Cgil, 5 milioni di firme per il Parlamento

05/12/2002

            5 dicembre 2002

            La raccolta ha superato l’obiettivo e proseguirà sino a metà dicembre.
            La battaglia in difesa dell’articolo 18 e per i diritti
            Cgil, 5 milioni di firme per il Parlamento

            Giovanni Laccabò

            MILANO Cinquemilionisessantaquattromilacinquecentotrentasette:
            sono «le firme» al conteggio aggiornato, destinate al Parlamento
            per sostenere la battaglia contro l’848 bis, il decreto delegato nel quale il
            governo – con una furbata presa sul serio solo da Pezzotta e Angeletti – ha travasato l’originale 848 che colpisce l’articolo 18.
            Intanto cominciano ad affluire alla sede nazionale Cgil anche i dati parziali sul tesseramento, con risultati lusinghieri.
            Quando i presidenti Casini e Pera le riceveranno, le firme saranno ancora più numerose, assicura il segretario confederale Cgil Carlo Ghezzi, che sovraintende alle operazioni: «La raccolta ha superato l’obiettivo, ma la campagna prosegue fino a metà dicembre: a nome della Cgil rivolgo
            un appello a far affluire altre firme presso le Camere del lavoro provinciali.
            Invito a proseguire con costanza tutti i luoghi di lavoro, le più disperse leghe, le associazioni di giovani che hanno lavorato con noi, i singoli cittadini che possono scaricare il modulo di adesione da Internet».
            La Cgil è più che soddisfatta: «Nessuno in Europa ha mai raccolto una quantità tanto enorme di firme, in soli tre mesi, e tutte certificate.

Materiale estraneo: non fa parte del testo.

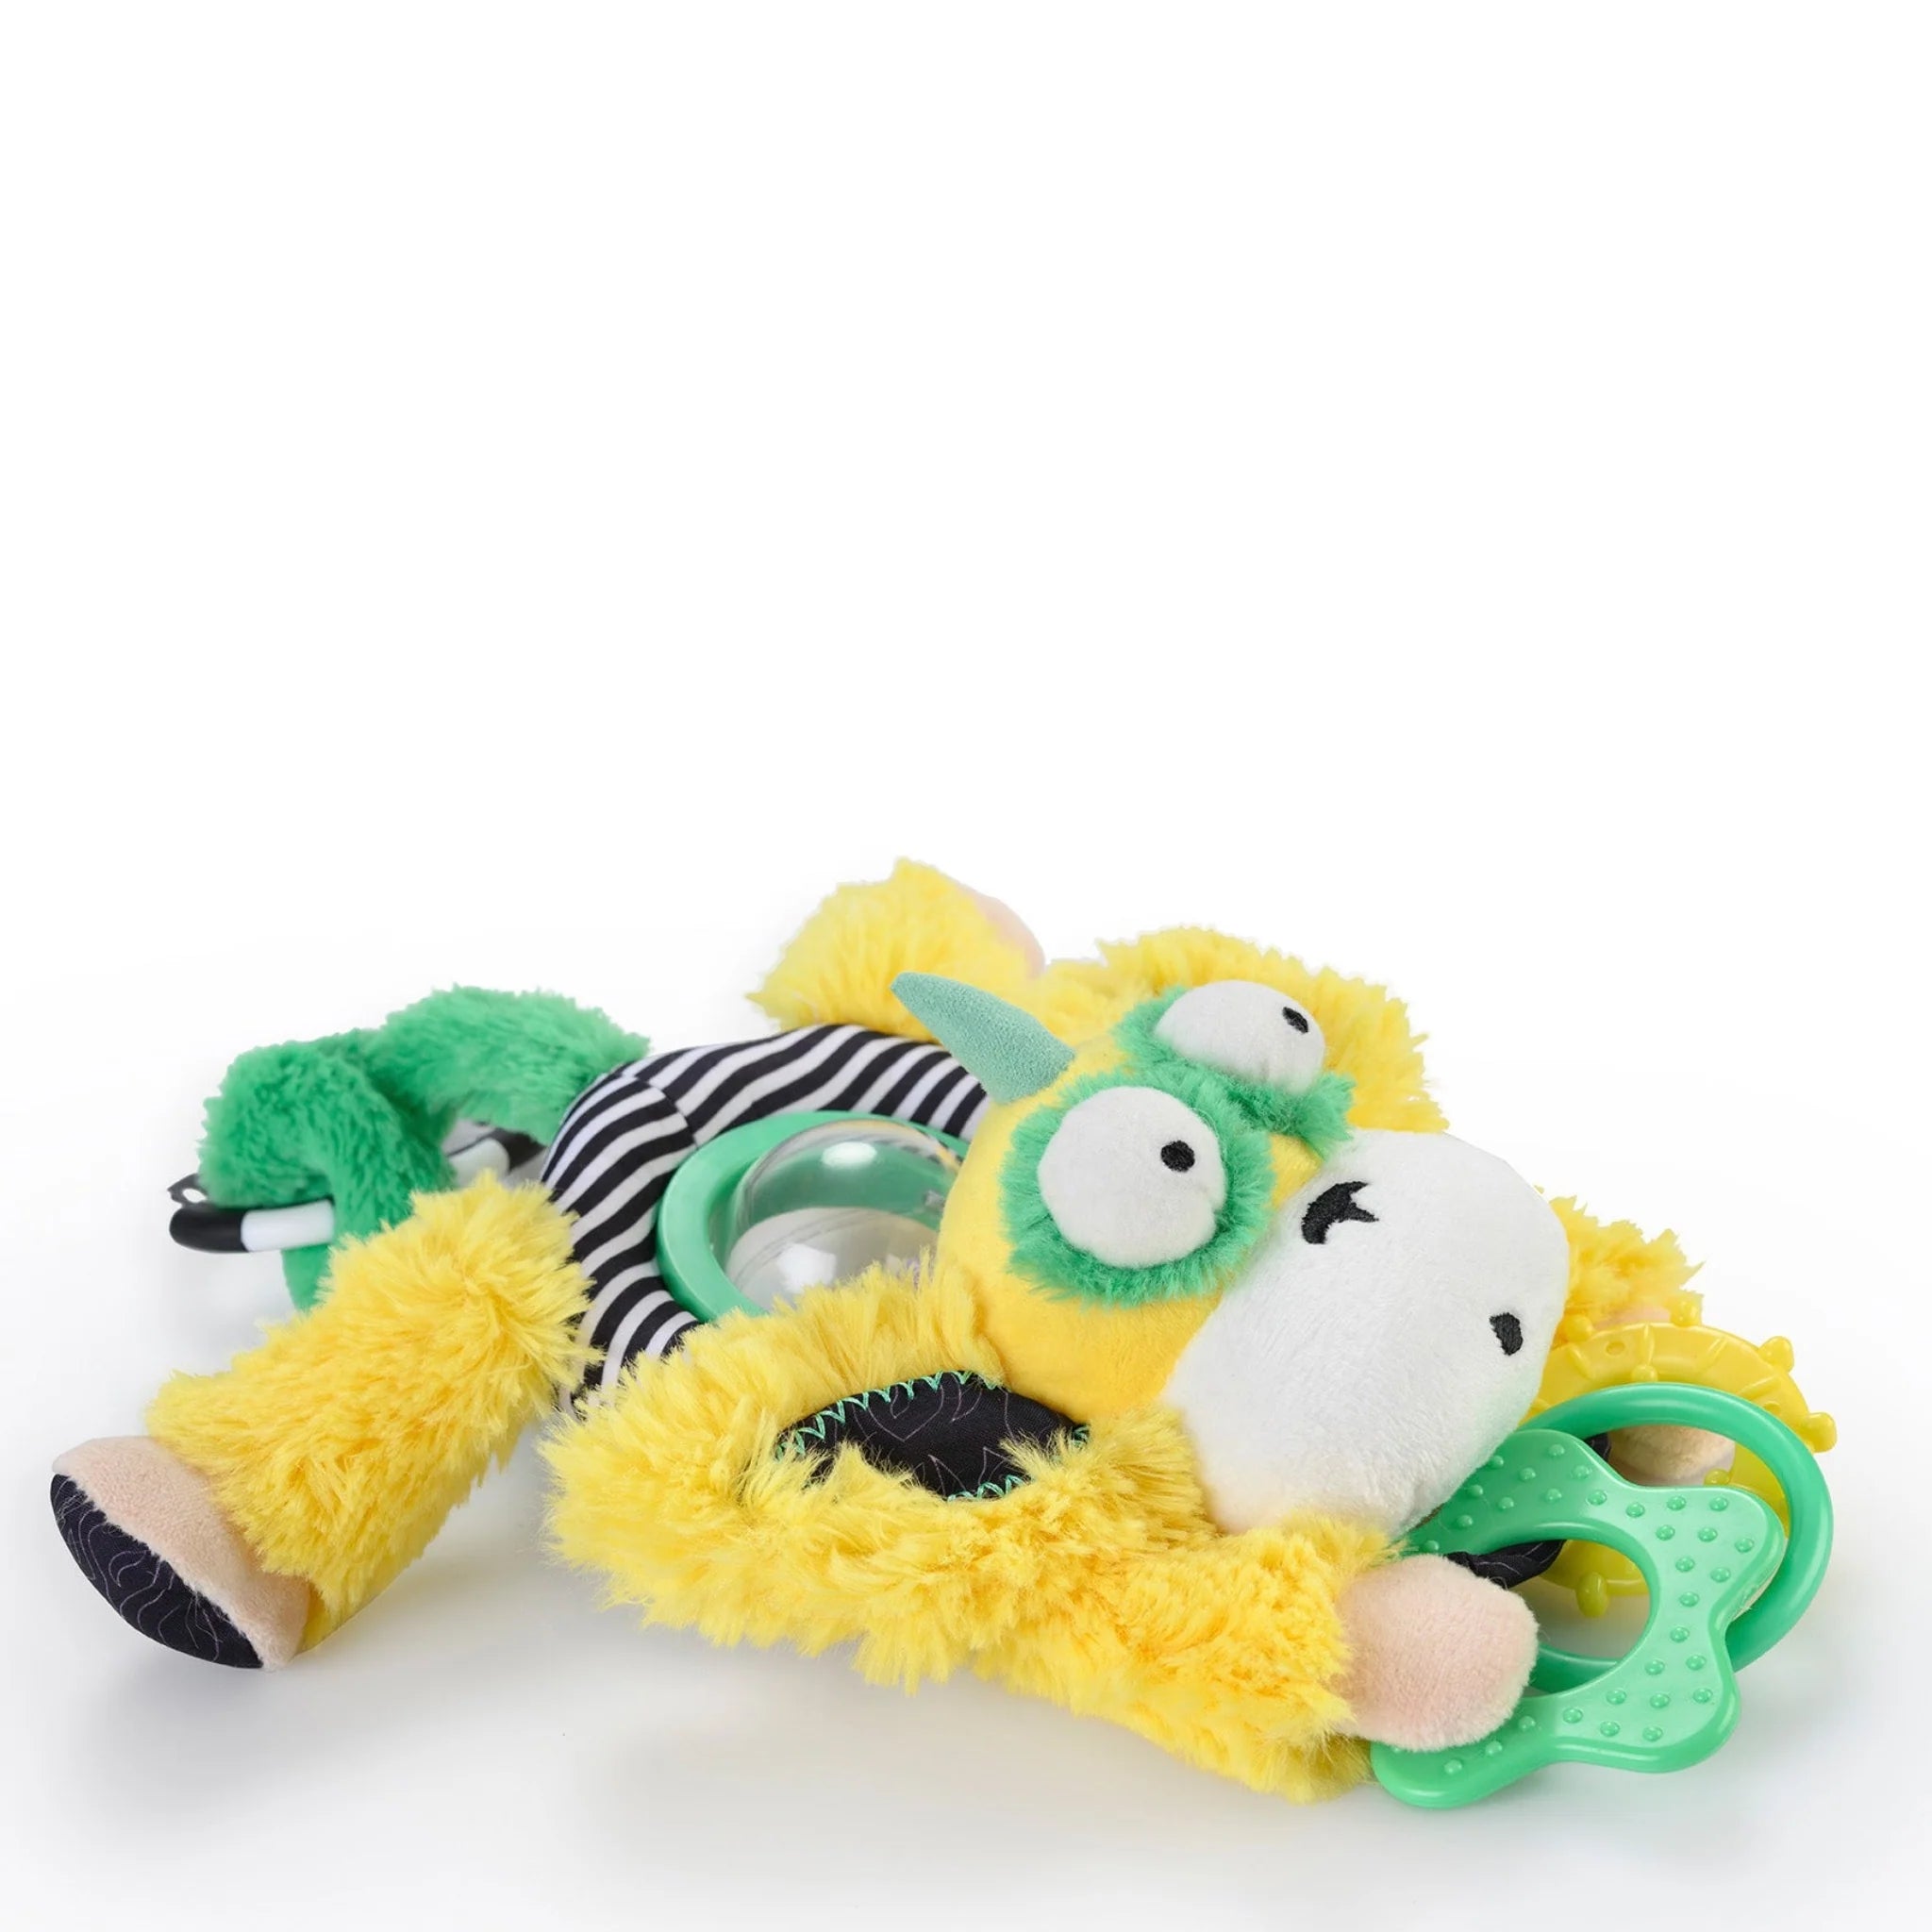 Marley the Horn Headed Monkey Spin Belly Hanging Activity Toy - Twinkle Twinkle Little One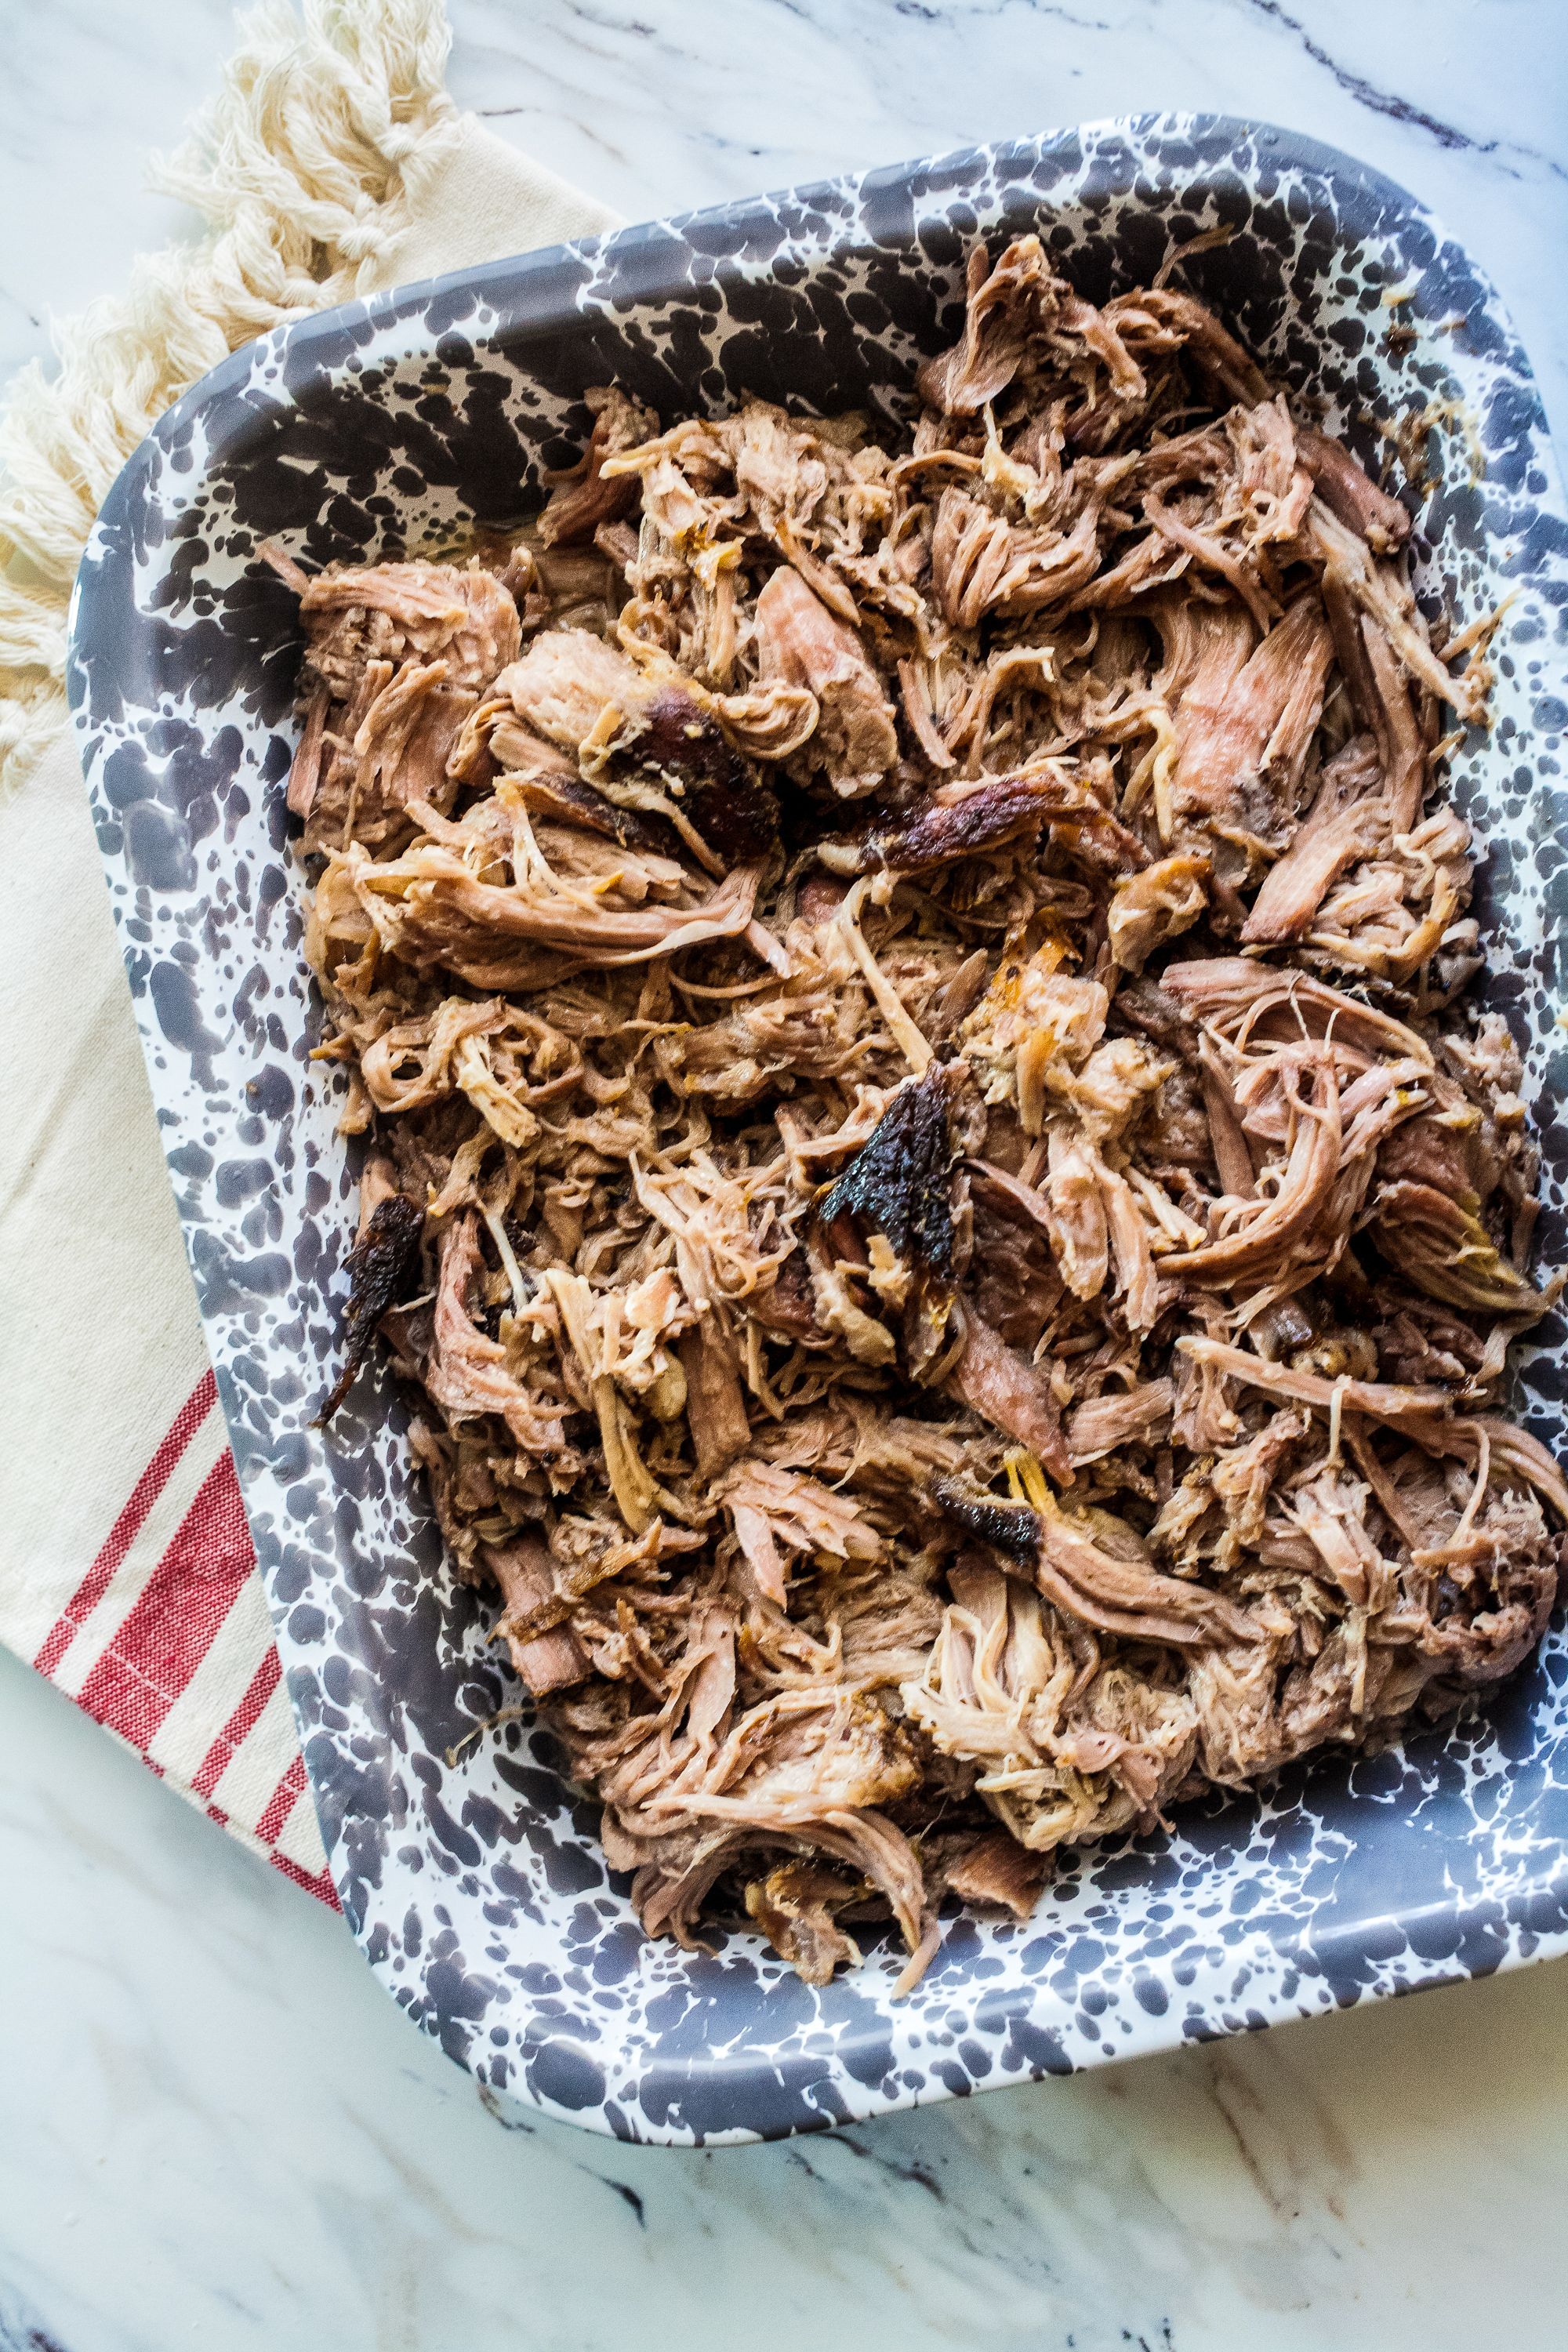 Pioneer Woman Classic Pulled Pork - Adapted for the Crock Pot

Dapprima con il tour del Tir, poi nei luoghi di lavoro, uno sforzo straordinario di partecipazione senza uguali: la Cgil ha ringraziato a Napoli chi ha sottoscritto e chi ha raccolto».
            Si avvicina l’ora di tirare le somme: «All’inizio dell’anno prossimo faremo un bilancio, provincia per provincia, di questo straordinario sforzo per la democrazia. Come sempre, anche se l’impegno è stato eccezionale, è possibile che emerga qualche piccola zona d’ombra che va esaminata».
            Poi si dovrà organizzare l’afflusso delle firme alla Cgil nazionale, per poi consegnarle al legislatore per contrastare fisicamente «quei due provvedimenti che proprio non ci piacciono», che stravolgono il mercato del lavoro e l’articolo 18. E per chiedere, coi due «sì», un sistema più robusto di ammortizzatori e la estensione dei diritti a tutto il mondo del lavoro. Ghezzi: «Stiamo elaborando le due proposte. Il comitato direttivo sta discutendo l’impiantoi di base della riforma degli ammortizzatori da trasformare in un articolato di legge che diventerà la proposta di legge di iniziativa popolare. Stiamo lavorando anche sull’impianto di fondo
            della proposta per estendere i diritti. Così intendiamo influire sul dibattito parlamentare». Lo scontro sull’articolo 18 dovrebbe (condizionale d’obbligo) esplodere a fine gennaio: «Finora il governo non ha avuto
            il coraggio di farlo discutere, e poiché siamo certi che ci sarà una sacrosanta opposizione, in sintonia con molte altre forze sociali e culturali intendiamo ragionare sui diritti del lavoro e sui diritti di cittadinanza,
            compresa la devolution che minaccia i diritti universali».